Pioneer Teachers

Turkish Tea with FriendsI’ve been thinking about American teachers of the past, who traveled for days, by stagecoach, or on horseback, across miles of dusty trails, to fulfill a longing to move to a new place, meet a new community and to teach young children. Over the past two weeks I have likely experienced many similar feelings and adjustments. After arriving in Istanbul on August 12, I have begun to explore my new city, I have met an ever-increasing new community of lovely people and I have started to adjust to a new teaching pedagogy in hopes that I will be able to ensure a lifetime love of learning to my young students. It’s been so completely overwhelming to all of my senses, my head’s been spinning since I got here!

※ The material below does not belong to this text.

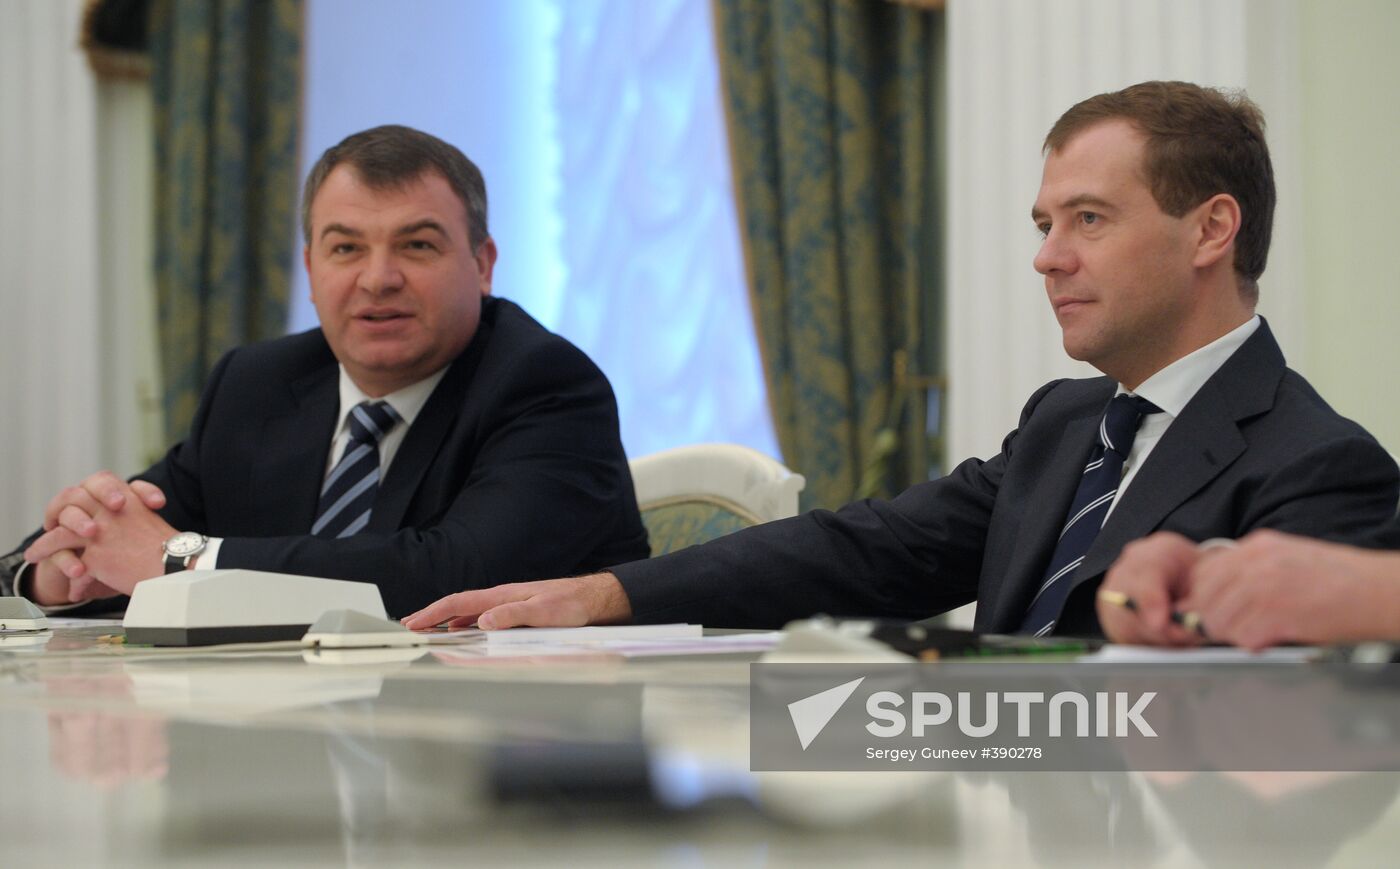 President Dmitry Medvedev meets with SCO defense ministers
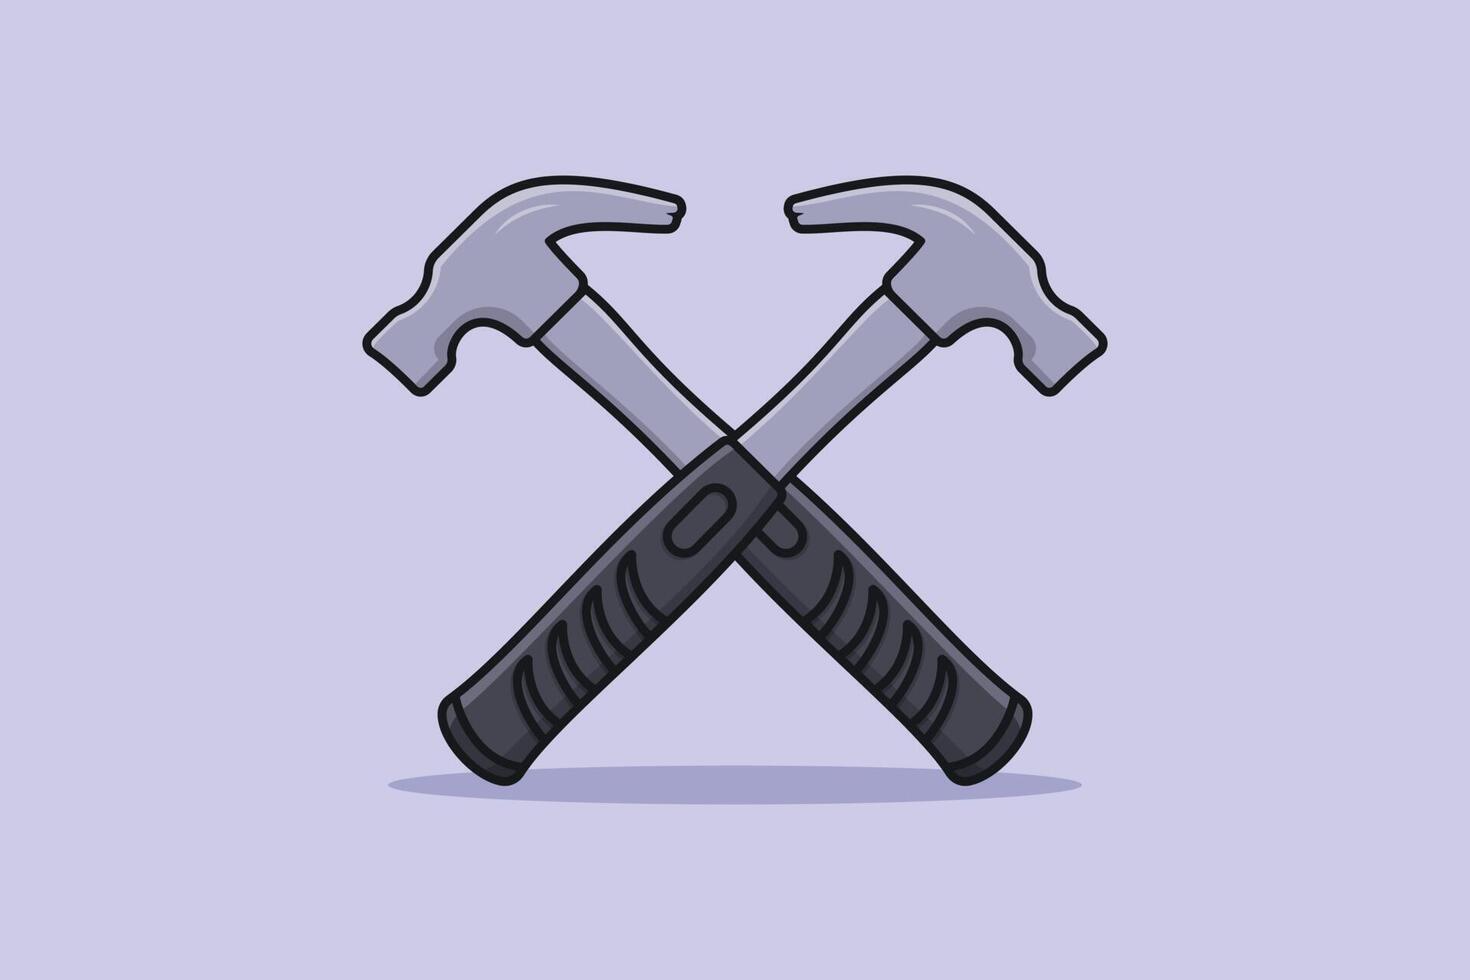 Claw Hammer tool vector illustration. Working tools equipment objects icon concept. Claw Hammer tool in cross sign vector design on purple background.

Istanbul is all (and more!) that I remember it to be from my travels here in 2011. I live in the neighborhood of Ulus, in Ortakoy, a beautiful, historically rich environment full of new sights, new tastes and smells, new sounds and new textures. My legs are getting stronger every day from walking up miles of marble stairs and down long, winding, brick roadways. This host country is fascinating beyond belief and I’m guessing the two years of my contract will pass quickly. I fear there won’t be enough time to see it all.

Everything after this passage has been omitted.